§ DATASET RECORDS:

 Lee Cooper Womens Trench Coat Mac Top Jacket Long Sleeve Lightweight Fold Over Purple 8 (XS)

* * *

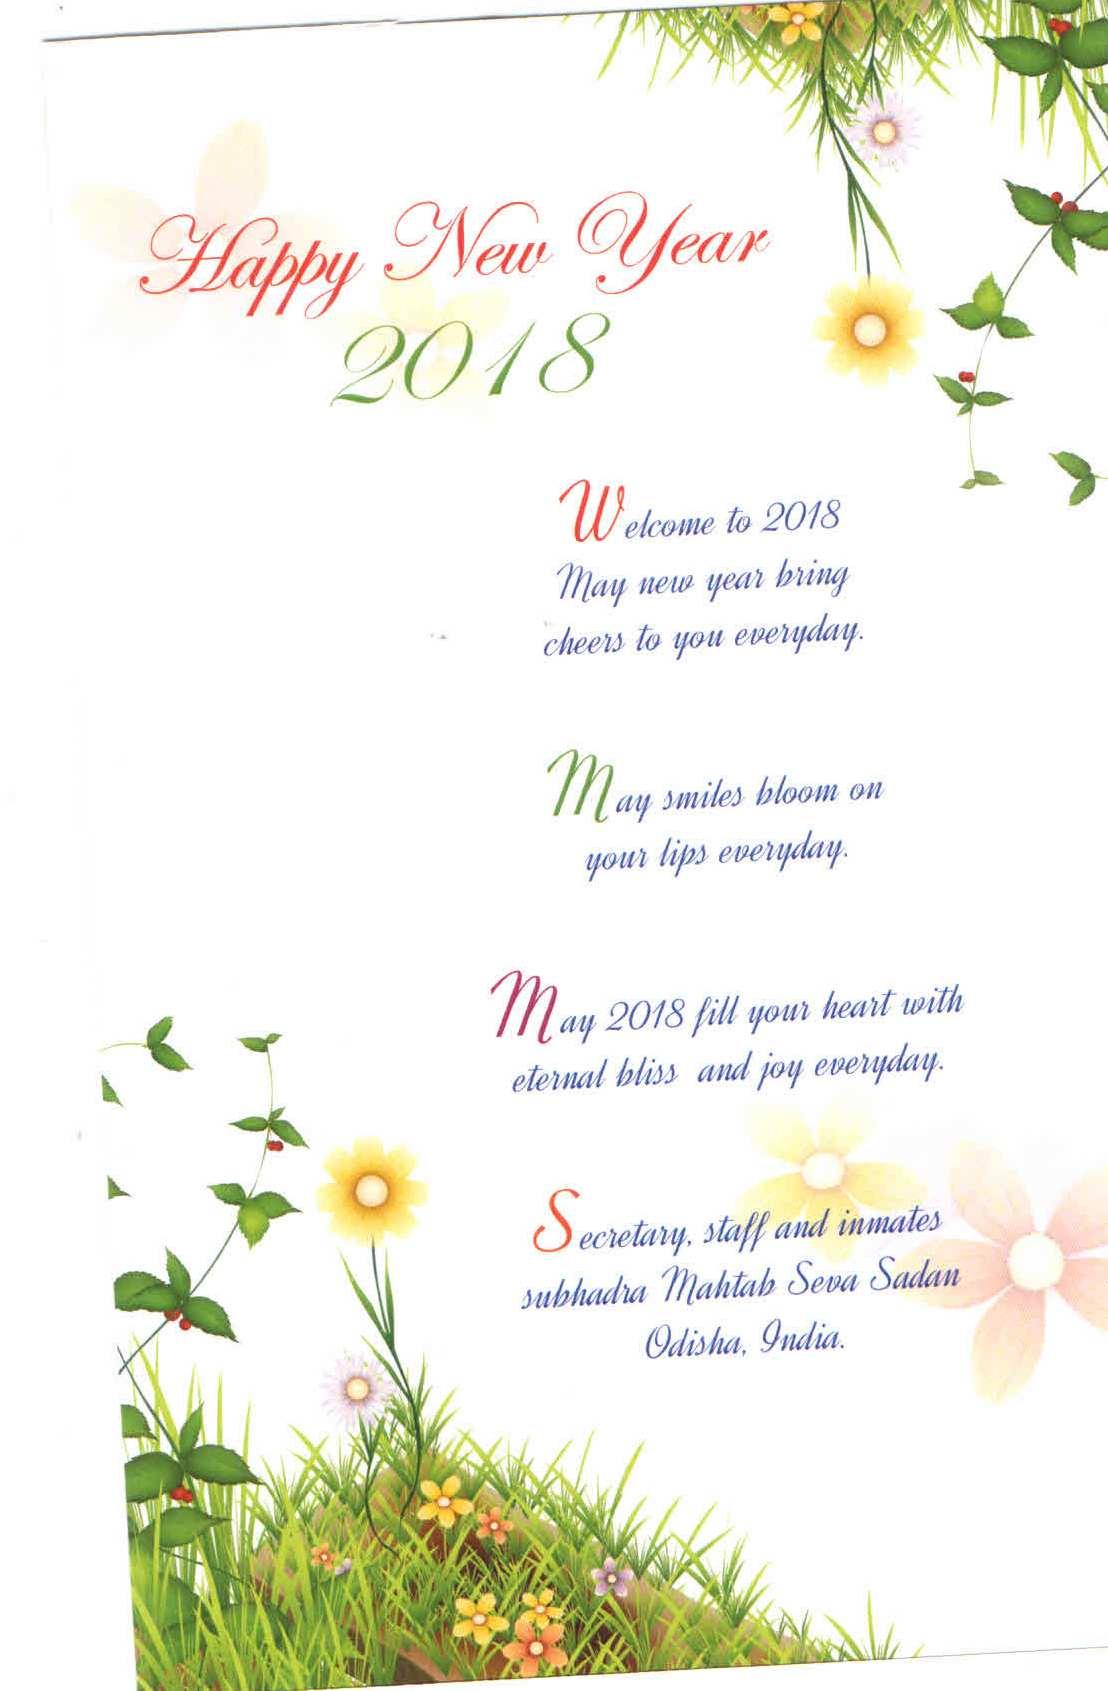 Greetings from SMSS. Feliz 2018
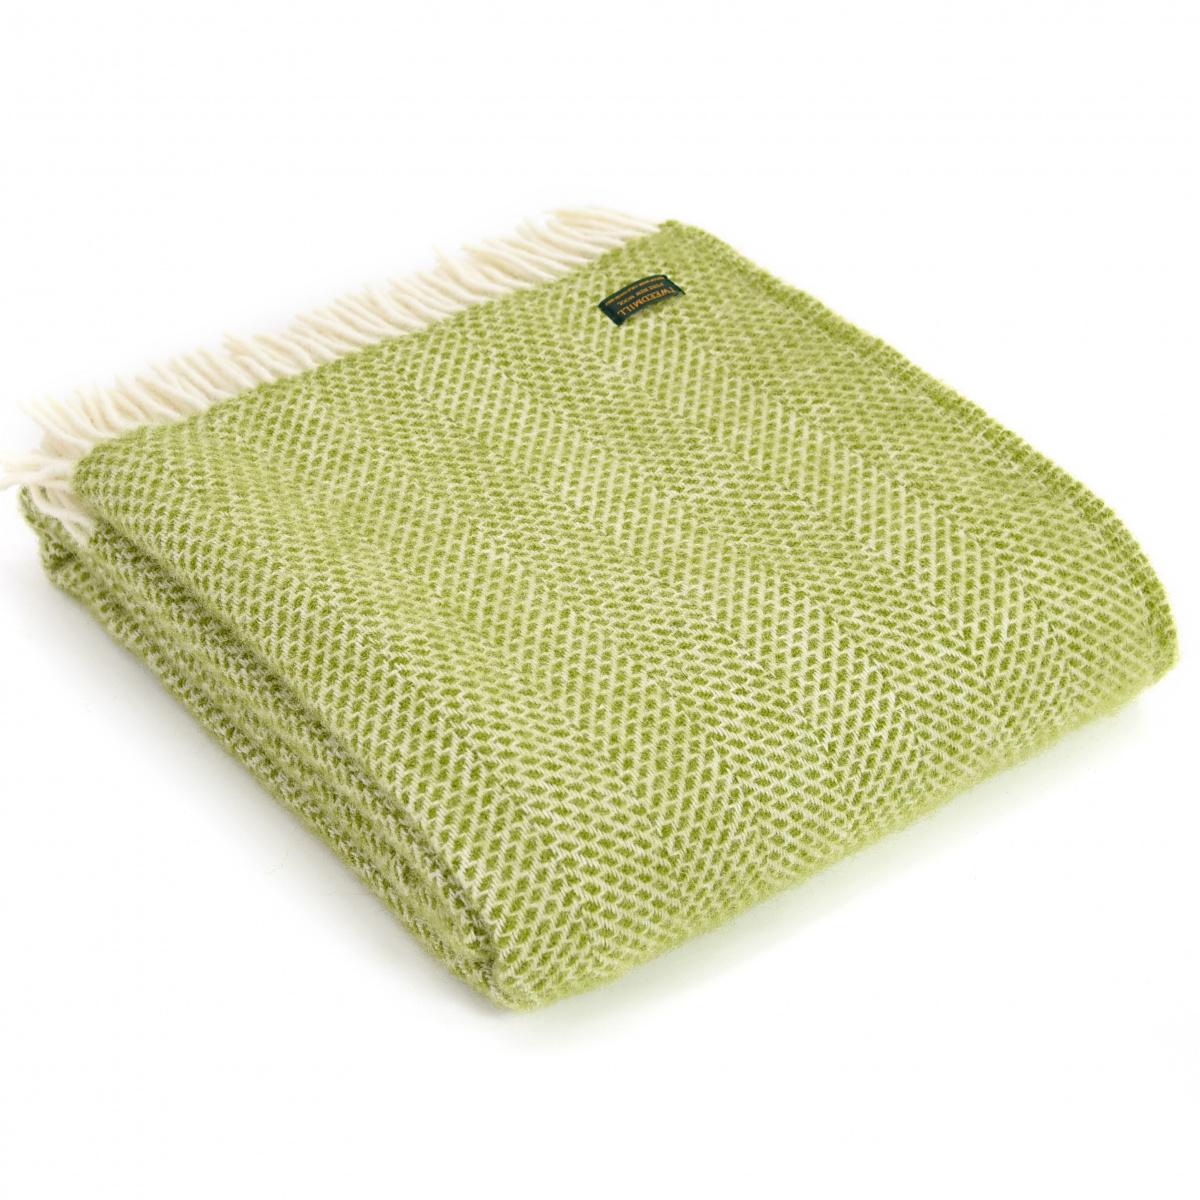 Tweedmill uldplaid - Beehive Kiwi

§ TASK PROMPT: Each line above starting at the one holding "Greetings from SMSS. Feliz 2018" and ending at the one holding "Tweedmill uldplaid - Beehive Kiwi" should be set down exactly as it stands, both ends included, with no pictures.

§ WRITTEN RESPONSE:
 Greetings from SMSS. Feliz 2018
 Tweedmill uldplaid - Beehive Kiwi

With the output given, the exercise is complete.